You are viewing a plain text version of this content. The canonical link for it is here.
Posted to dev@nutch.apache.org by Stefan Groschupf <sg...@media-style.com> on 2005/10/10 15:34:26 UTC
reprocessing hanging tasks
Hi,
I tried to understand the jobtracker code.
Hmm more than 1000 lines of code in just one class. :-( This makes
understanding code very difficult.
Anyway I'm missing a mechanism to reprocess hanging tasks. May I just
didn't find the code, but I invest some time to find it.
As the google paper describe the original map reduce reprocess tasks
that may still run but are much slower than the other tasks because
of some hardware failures.
Since I notice that task-tracker isn't that stabile yet, I would
really love to have such a reprocessing mechanism.
Actually I seen tasks are reprocessed in case the task-tracker crash
and does not return any reports anymore or the task-tracker report a
task failure.
But for example in case the network speed of a fetching mapping task
is very very slow the job itself needs for ever.
I would suggest add start time and finishing time to the task object
and set these values until status changes.
We can calculate a average time a task need for processing based on
this values.
Than we have a configurable value of minimal finished tasks before we
start to reprocessing tasks. For example 80% tasks need to be ready.

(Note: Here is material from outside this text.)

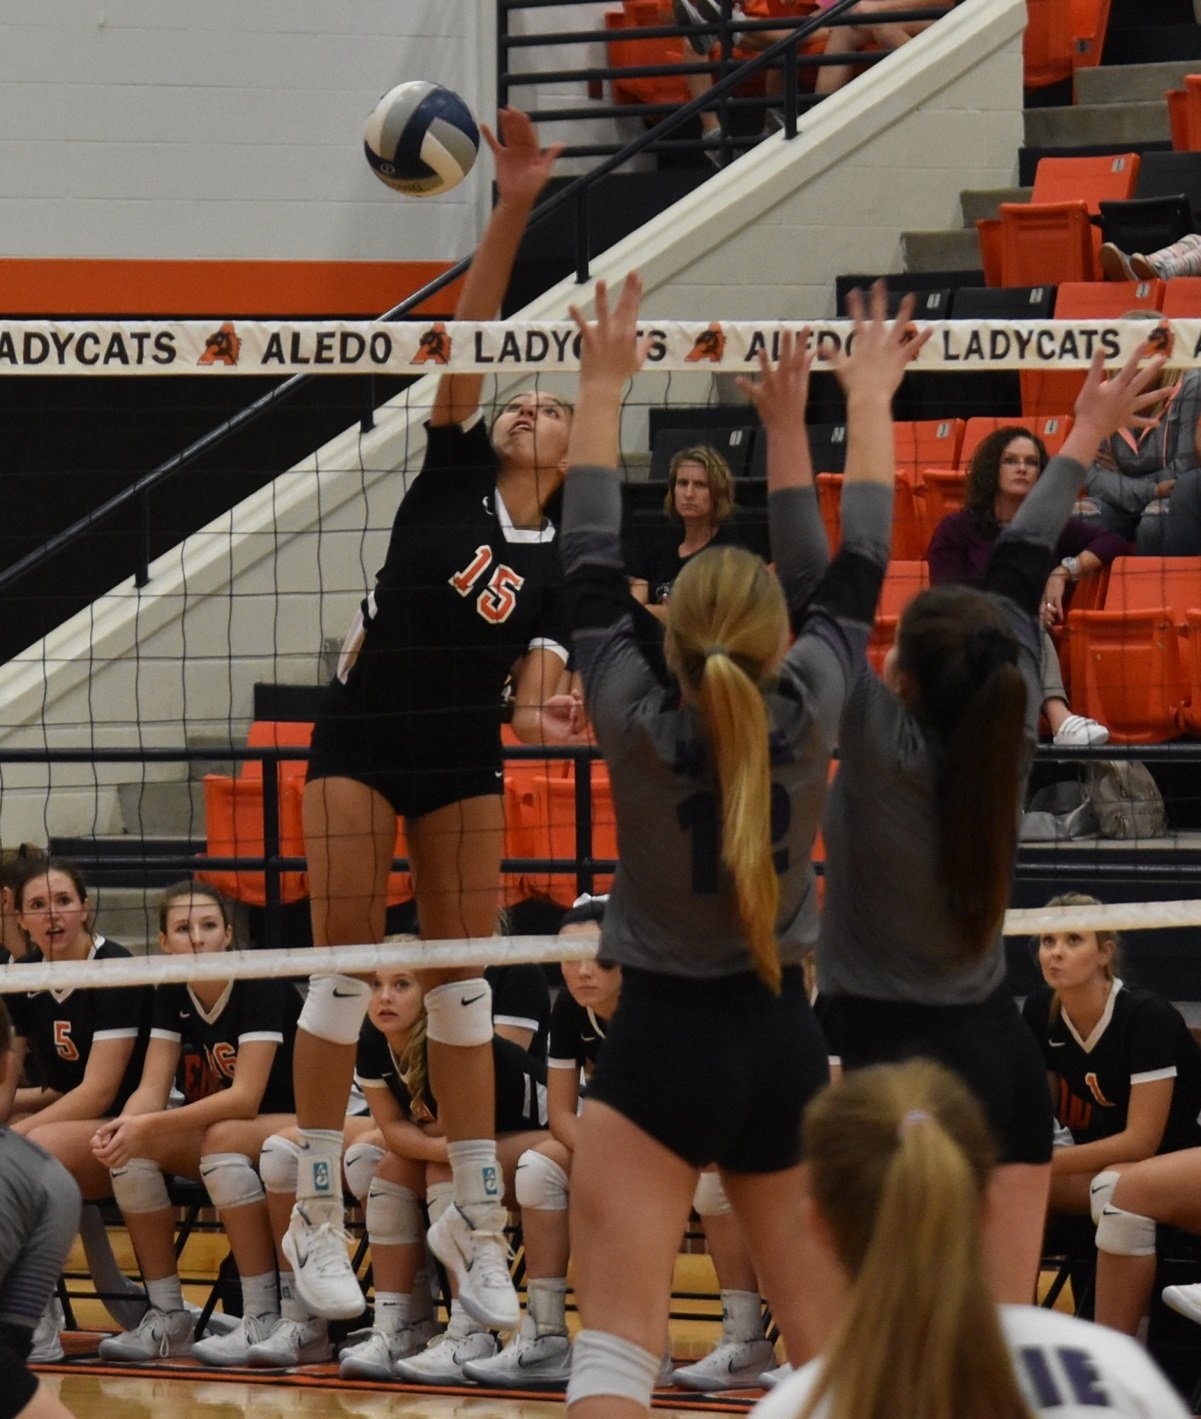 Aledo hitter Evelyn Torres sends down one of her match-high 12 kills during the Ladycats' sweep of Abilene Wylie in the District 4-5A volleyball opener Friday at the Aledo High School gym. Photo by Tony Eierdam

Further more we have a configurable values threshold, in case the
processing time of a task is treshold * average processing time, we
just reprocessing the task on a other tasktracker.
What do people think?
Do I miss the section in the jobtracker where this is done, or are
people interested that I submit a patch doing this mechanism?
Stefan
Re: reprocessing hanging tasks
Posted by Doug Cutting <cu...@nutch.org>.
Stefan Groschupf wrote:
> May we misunderstand each other, I do not mean tasks that crash, I mean
> tasks that are 20 times slower on one machine as the other tasks on the
> other machines.
Ah, I call that "speculative re-exectution". Nutch does not yet
implement that.
I don't think speculative re-execution of tasks would help much with
fetching, since a fetch task that is slow on one machine will probably
be slow on another. What would probably make the fetcher faster is to
use Thread.kill() on fetcher threads which have exceeded a timeout, and
then replace them with a new Fetcher thread.
Speculative re-execution is among the list of features we'd like to add,
but it is not a high priority for me.
Doug
Re: reprocessing hanging tasks
Posted by Stefan Groschupf <sg...@media-style.com>.
Doug,
I definitely run several times in problems, where task-trackers was
sending hard-beat messages but hadn't process the job anymore.
For example no new pages was fetched but the page / sec. statistic
becomes slow and slower.
I personal would think it makes more sense in case the jobtracker
decide if a task is over the average processing time and need to be
reexcuted or not.
The last section of the google paper covers this issue and they
notice performance improvements by reexecutng task that are over a
specific time.
May we misunderstand each other, I do not mean tasks that crash, I
mean tasks that are 20 times slower on one machine as the other tasks
on the other machines.
Stefan
Am 10.10.2005 um 20:16 schrieb Doug Cutting:
> Stefan Groschupf wrote:
>
>> Do I miss the section in the jobtracker where this is done, or
>> are people interested that I submit a patch doing this mechanism?
>>
>
> This is mostly already implemented. The tasktracker fails tasks
> that do not update their status within a configurable timeout.
> Task status is updated each time a task reads an input, writes an
> output or calls the Reporter.setStatus() method. The jobtracker
> will retry failed tasks up to four times.
>
> The mapred-based fetcher also should not hang. It will exit even
> when it has hung threads. So the task timeout should be set to the
> maximum amount of time that any single page should require to fetch
> & parse. By default it is set to 10 minutes.
>
> Doug
>
>
---------------------------------------------------------------
company: http://www.media-style.com
forum: http://www.text-mining.org
blog: http://www.find23.net
Re: reprocessing hanging tasks
Posted by Doug Cutting <cu...@nutch.org>.
Stefan Groschupf wrote:
> Do I miss the section in the jobtracker where this is done, or are
> people interested that I submit a patch doing this mechanism?
This is mostly already implemented. The tasktracker fails tasks that do
not update their status within a configurable timeout. Task status is
updated each time a task reads an input, writes an output or calls the
Reporter.setStatus() method. The jobtracker will retry failed tasks up
to four times.
The mapred-based fetcher also should not hang. It will exit even when
it has hung threads. So the task timeout should be set to the maximum
amount of time that any single page should require to fetch & parse. By
default it is set to 10 minutes.
Doug